● **Task to complete**
Apart from the images, repeat the data below exactly as written.
____ Stored data
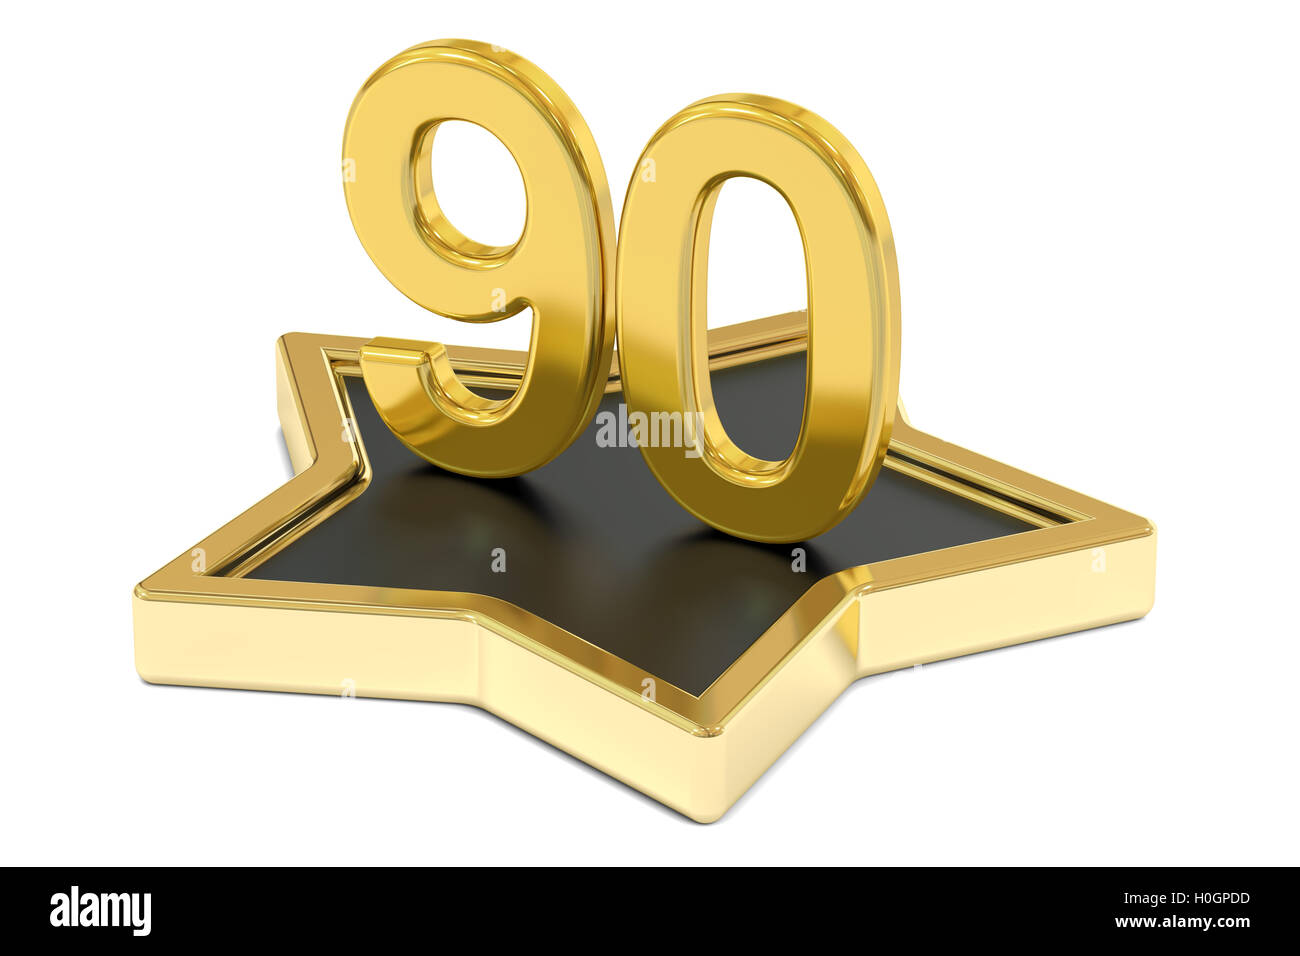 nombre-d-or-90-etoiles-sur-podium-concept-award-le-rendu-3d-isole-sur-fond-blanc-h0gpdd.jpg
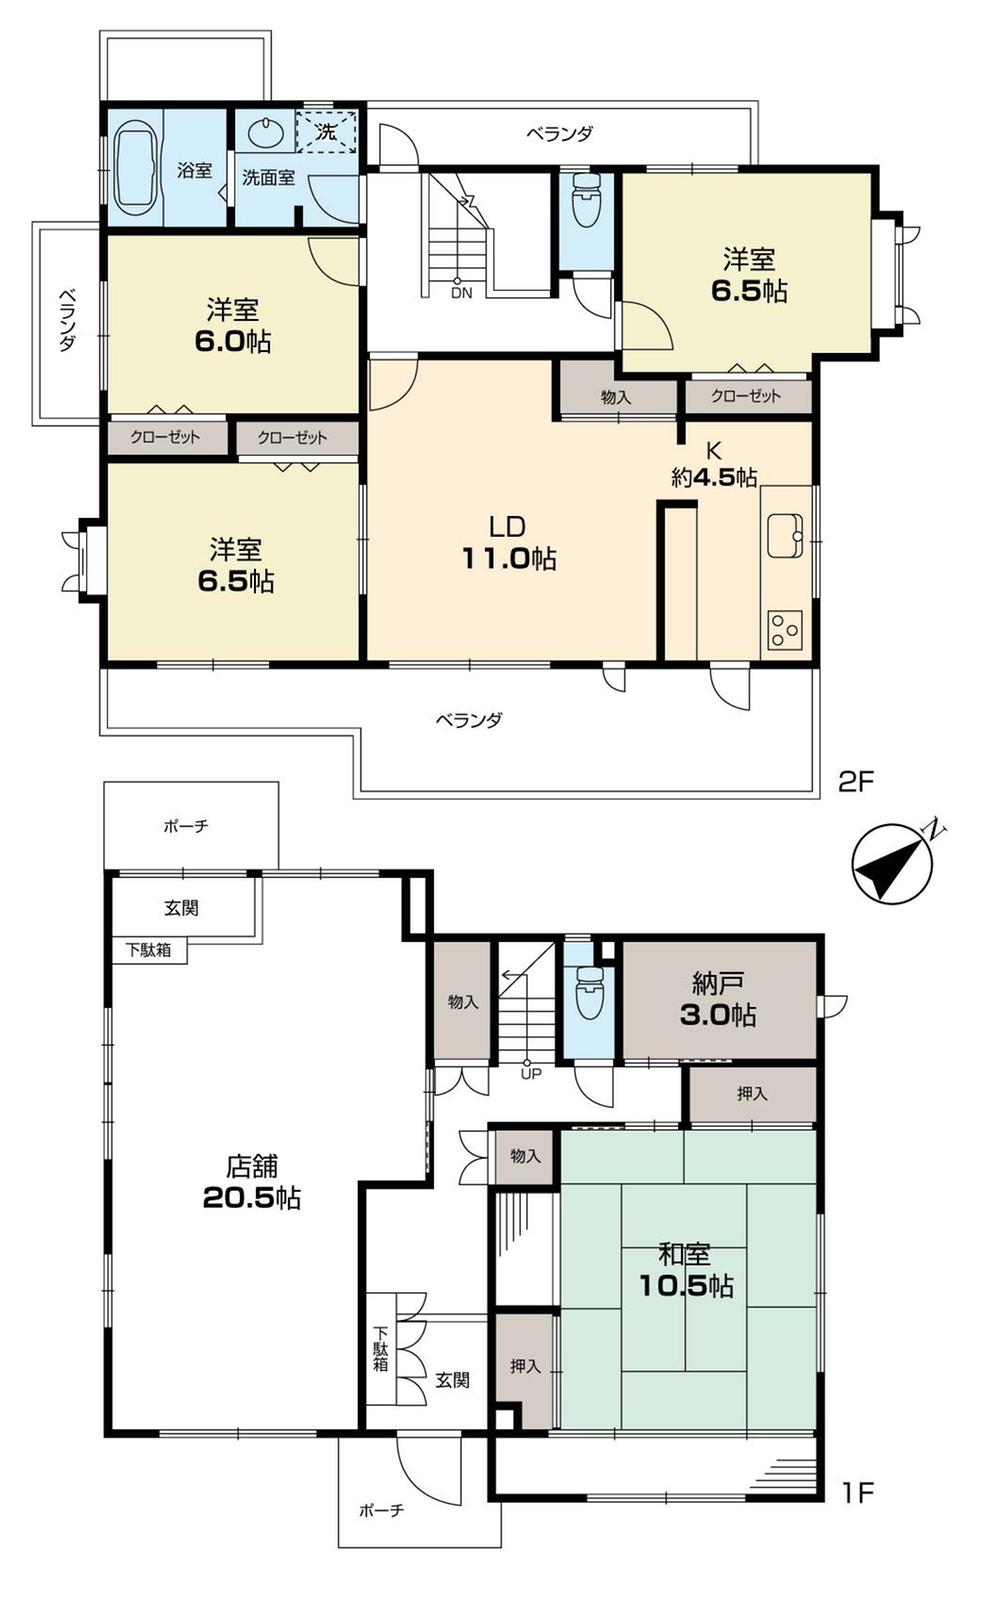 Floor plan. 72,800,000 yen, 5LDK + S (storeroom), Land area 200.27 sq m , Building area 168.55 sq m
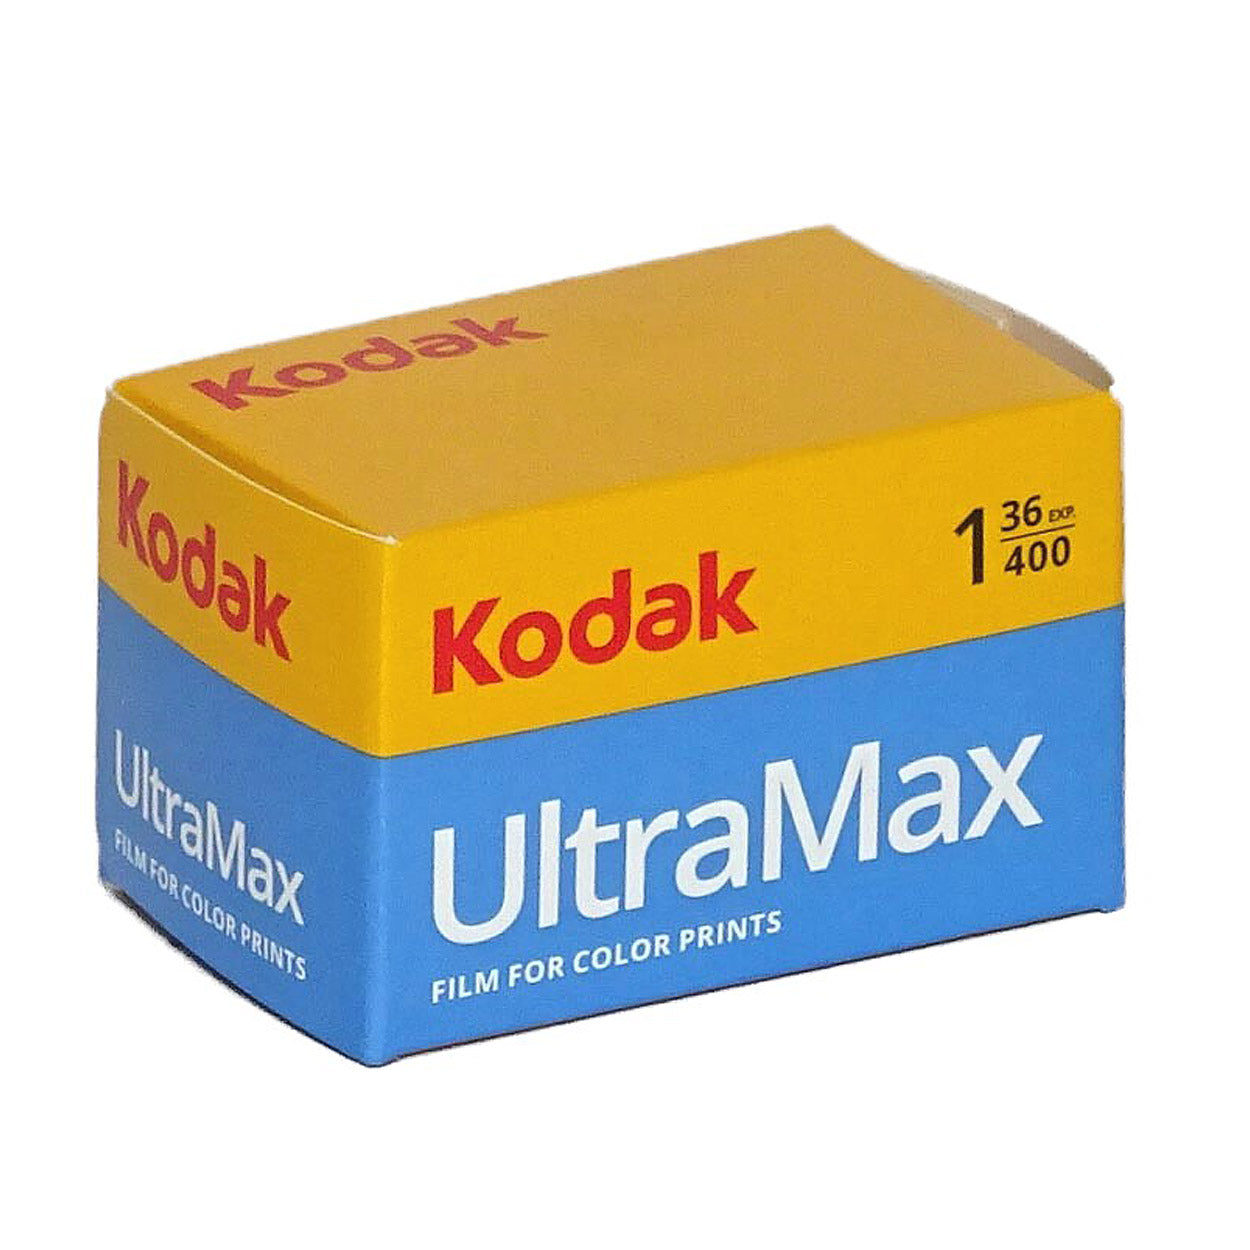 KODAK Ultramax 400
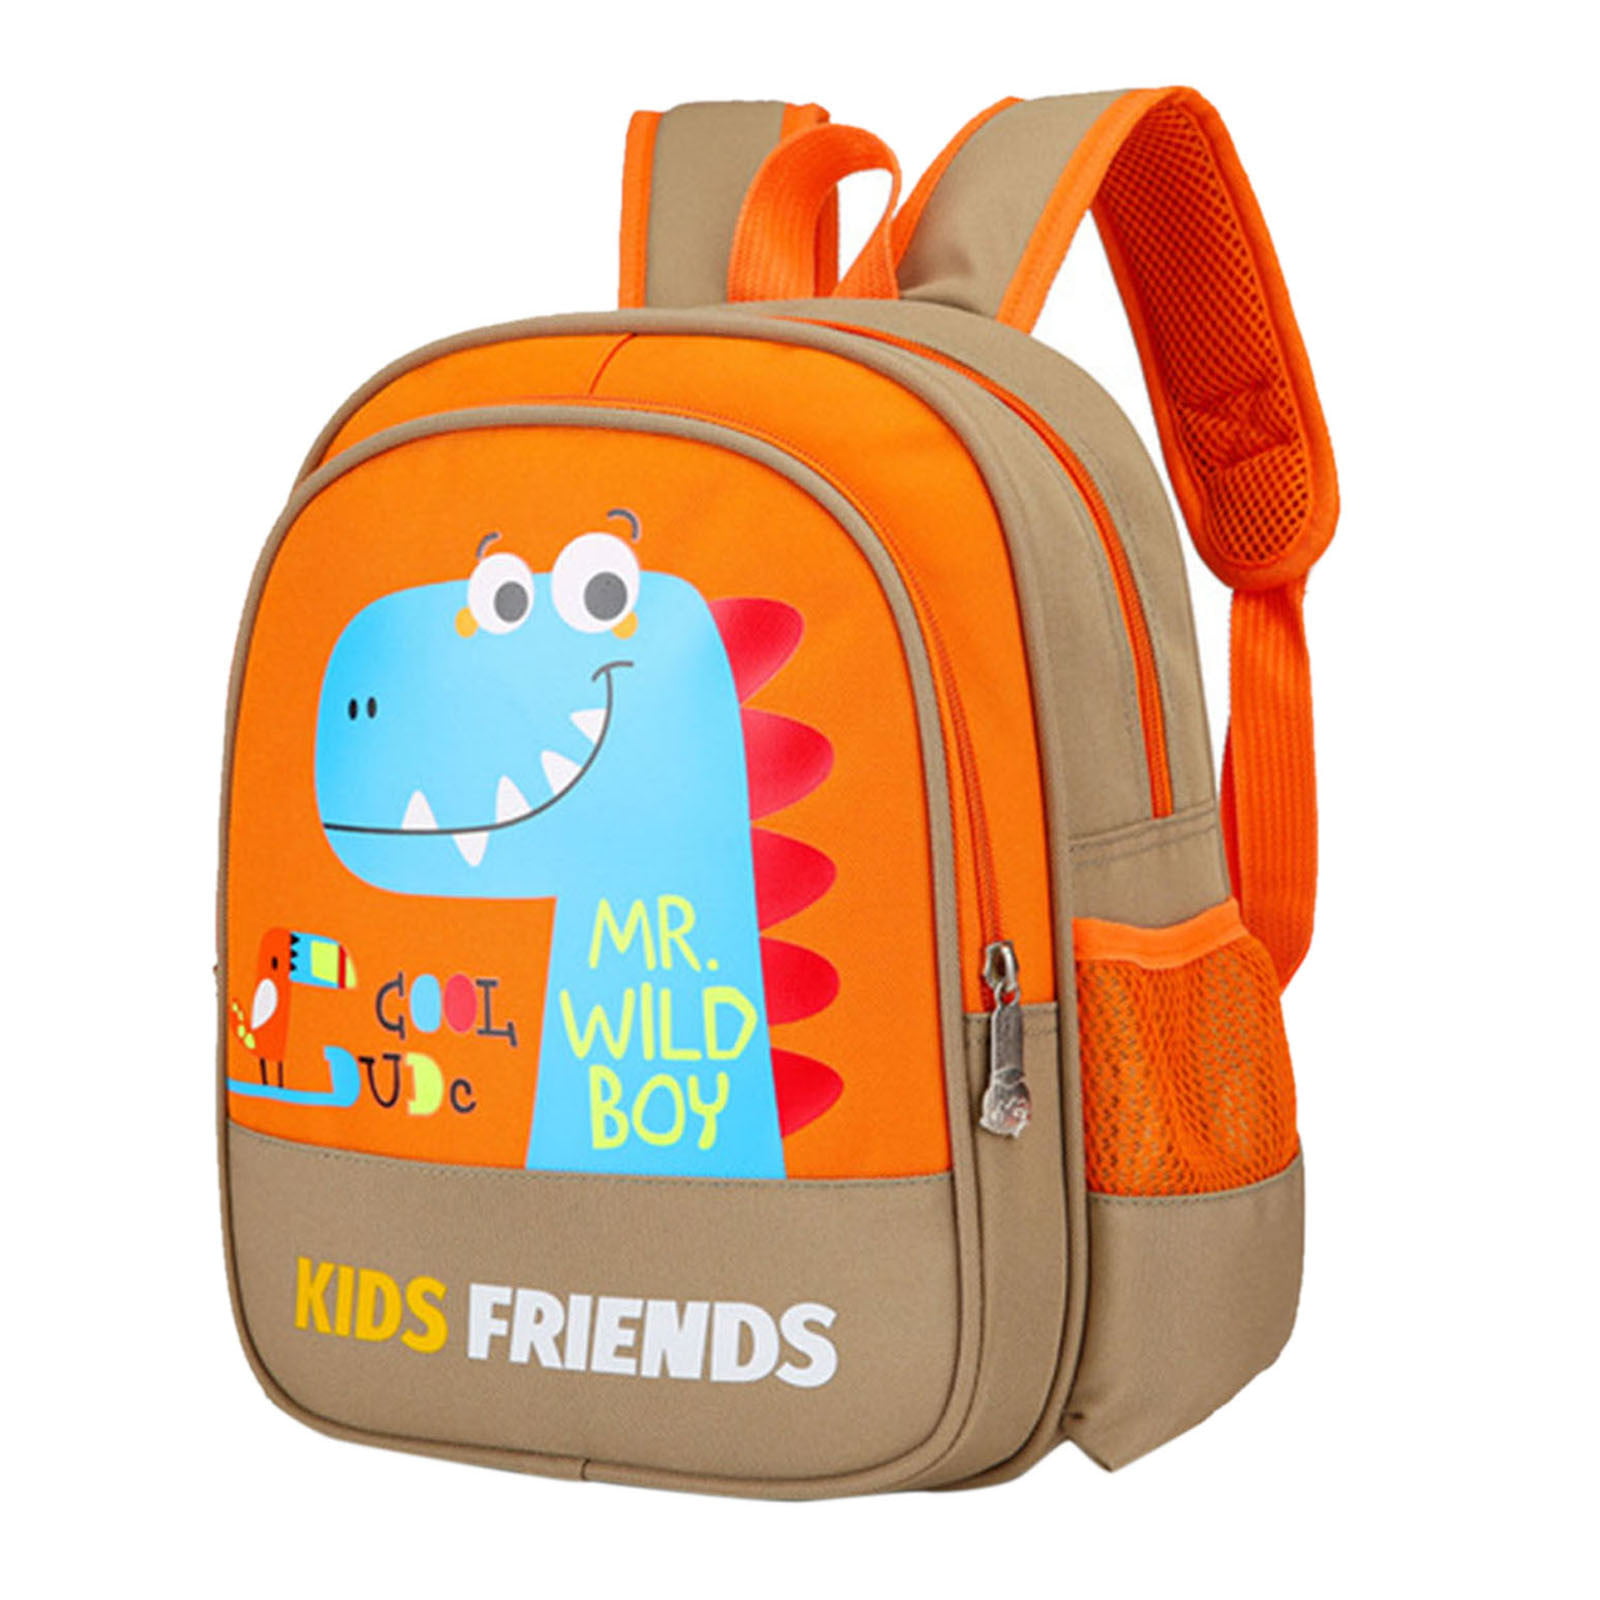 Childrens Anime Backpack/Toddler Backpack/Kindergarten Toddler Bag with Adjustable Cushion Straps Black
________
● **Exercise output**
 nombre-d-or-90-etoiles-sur-podium-concept-award-le-rendu-3d-isole-sur-fond-blanc-h0gpdd.jpg
 Floor plan. 72,800,000 yen, 5LDK + S (storeroom), Land area 200.27 sq m , Building area 168.55 sq m
 KODAK Ultramax 400
 Childrens Anime Backpack/Toddler Backpack/Kindergarten Toddler Bag with Adjustable Cushion Straps Black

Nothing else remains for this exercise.